Reverseau aggregates publicly available allocation data and community-submitted reports for contextual awareness. It is designed as an informational resource - the platform does not conduct investigations, make legal determinations, or assess criminal liability.
Community-Reported Data Characteristics
All community report data on Reverseau has the following characteristics:
- Experience-based - reports reflect individual user experiences, which may be subjective, incomplete, or mistaken
- Not independently verified - moderation checks for guideline compliance, not factual accuracy of caller descriptions
- Volume-dependent reliability - classifications are more reliable for numbers with many consistent reports; a single report should be treated as one data point
- Community-scoped - data reflects the experiences of users who choose to submit reports, which may not represent all call recipients
What Reverseau Data Does Not Represent
Reverseau data does not represent any of the following:
- Caller identity - Reverseau does not identify who owns, operates, or uses a phone number. No ownership claims are made or implied.

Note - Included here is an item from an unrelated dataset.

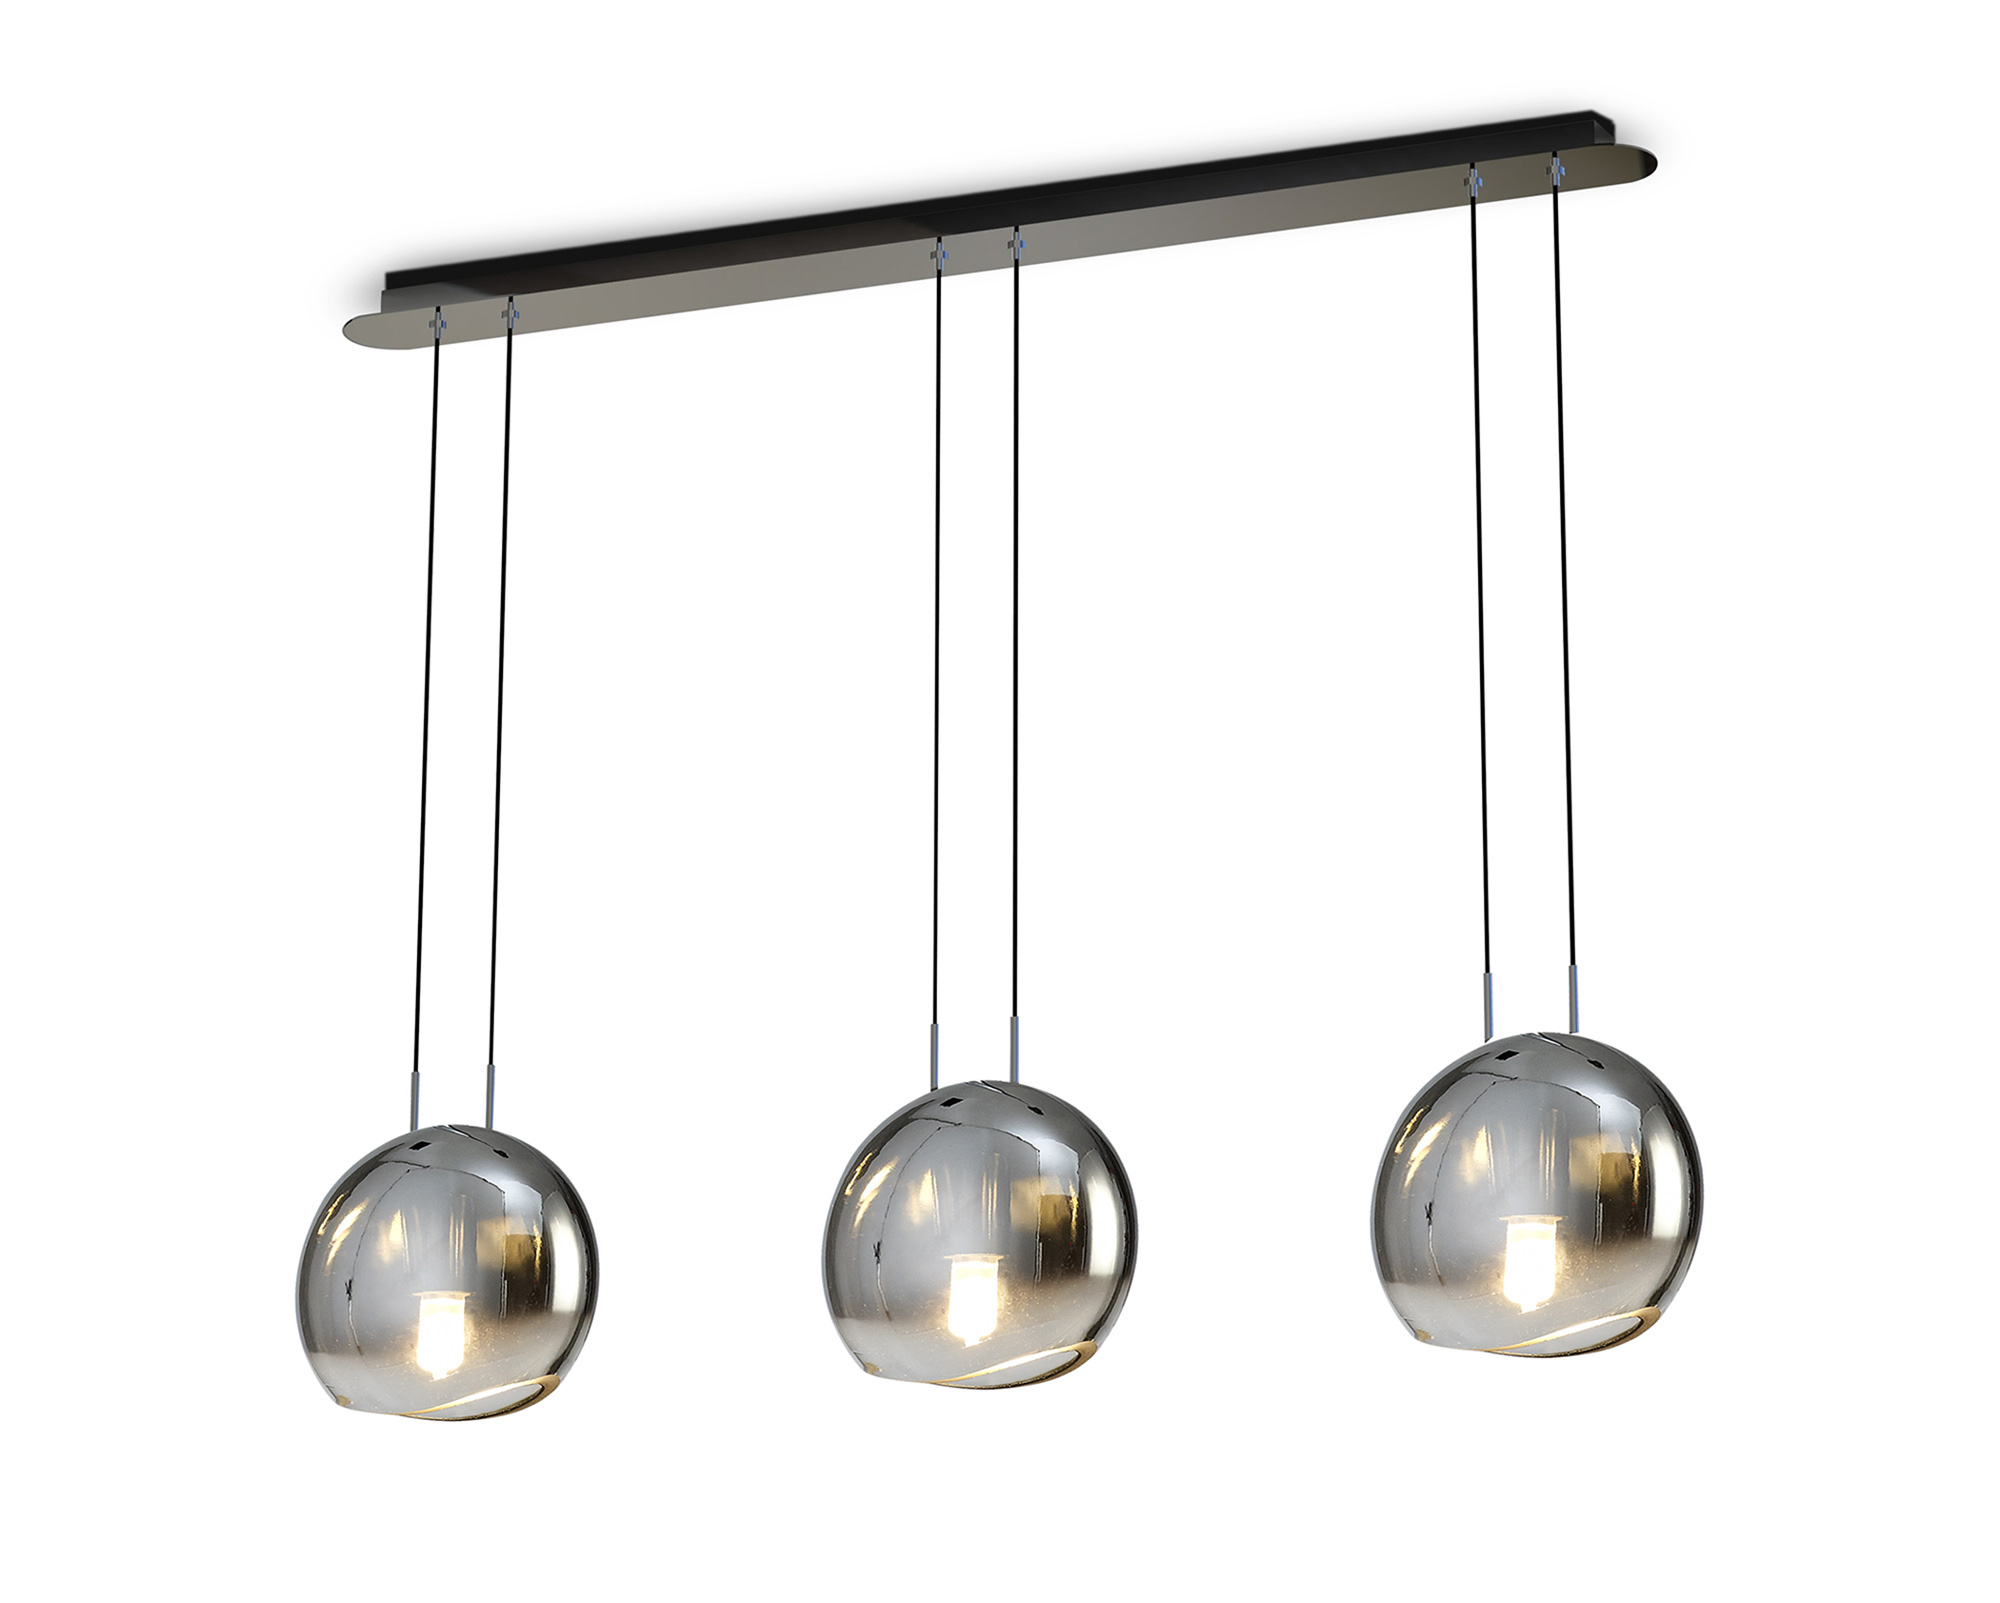 Lens Ceiling Lights Mantra Linear Fittings

- Confirmed misconduct - a community classification of "Scam" or "Spam" reflects reporter experience, not a confirmed finding of illegal activity
- Legal determination - classifications are not legal judgments and should not be treated as evidence in legal proceedings
- Regulatory findings - Reverseau is not affiliated with, endorsed by, or operated by ACMA, the ACCC, or any law enforcement agency
- Current number holder - historical reports may reflect a previous holder of a number that has since been reallocated
Allocation Data Limitations
Telecommunications allocation data displayed on Reverseau reflects publicly available ACMA records. This data is subject to the following constraints:
- Allocation ≠ ownership
- Carrier allocation indicates which carrier was assigned a number range, not who currently holds or uses the number.
- Number portability
- Numbers can be ported between carriers, meaning the displayed carrier may not be the current serving carrier.
- Refresh lag
- Allocation data is refreshed periodically and may not reflect the most recent changes.
Number Reallocation
Carriers periodically reallocate phone numbers that have been disconnected or returned. When this happens, historical community reports on Reverseau remain visible but may no longer apply to the current user of the number. This is a known trade-off of keeping historical data in crowdsourced telecommunications datasets.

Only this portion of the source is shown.